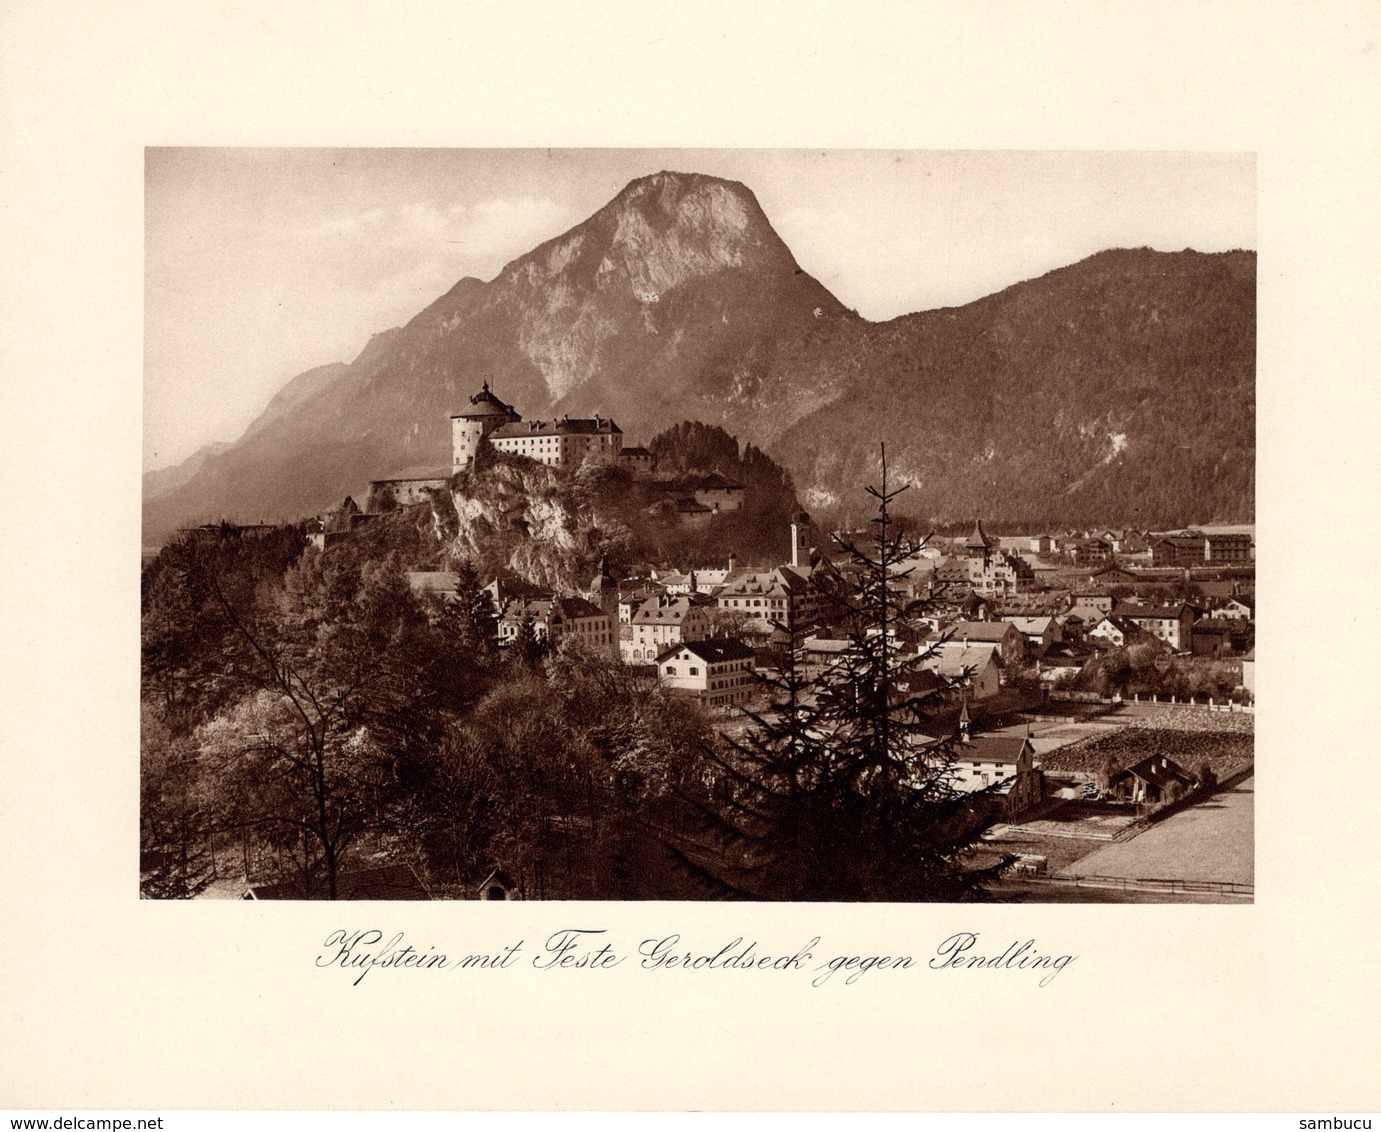 Kufstein Mit Feste Geroldseck Gegen Pendling - Kupfertiefdruck Ca 1910-20 - Stiche & Gravuren
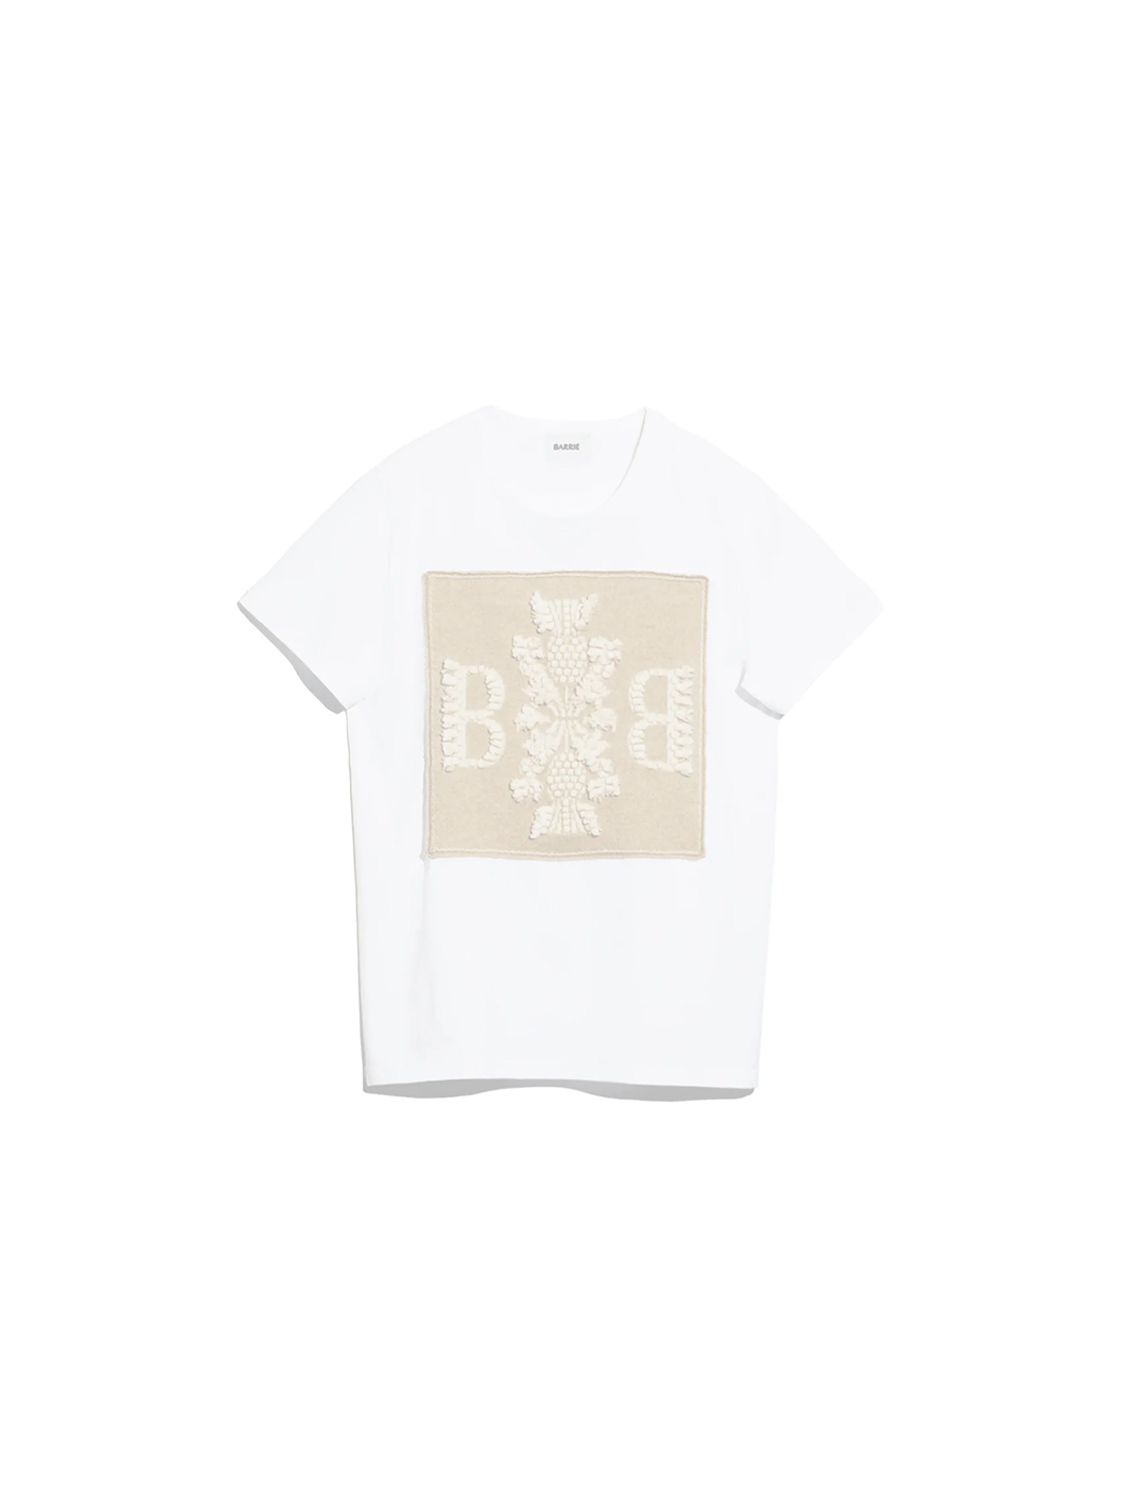 Baumwoll-T-Shirt mit Kaschmir-Applikation Farbe: creme Größe: S
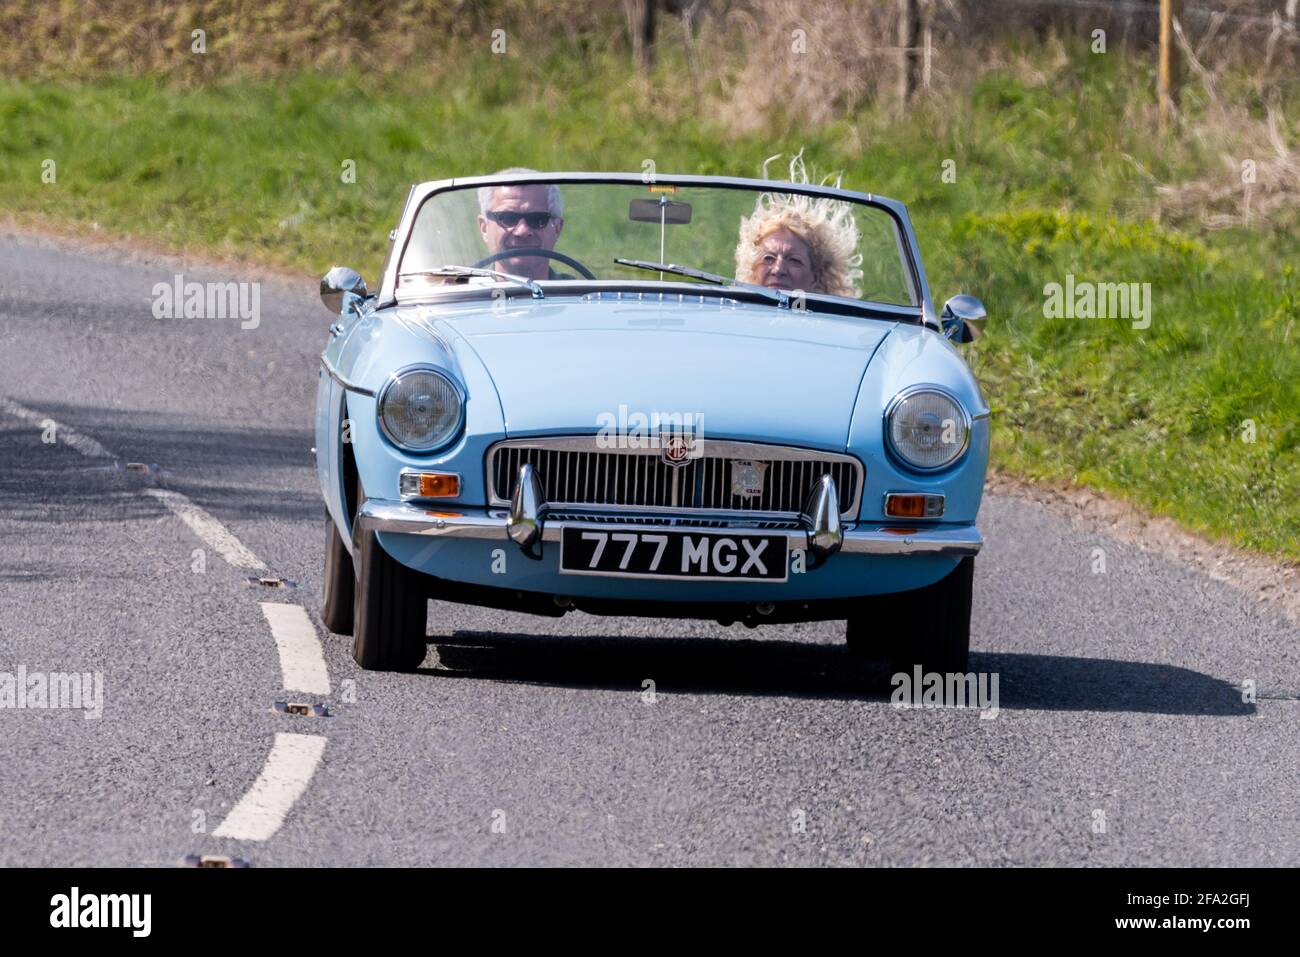 Vento in acconciatura, coppia in una classica auto sportiva blu MGB, Alresford, Hampshire, UK Foto Stock

##############################

* [WORK TO COMPLETE] The data above must be written out again word for word, without its pictures.

* [RESPONSE TO THIS TASK]
 Kufstein Mit Feste Geroldseck Gegen Pendling - Kupfertiefdruck Ca 1910-20 - Stiche & Gravuren
 Baumwoll-T-Shirt mit Kaschmir-Applikation Farbe: creme Größe: S
 Vento in acconciatura, coppia in una classica auto sportiva blu MGB, Alresford, Hampshire, UK Foto Stock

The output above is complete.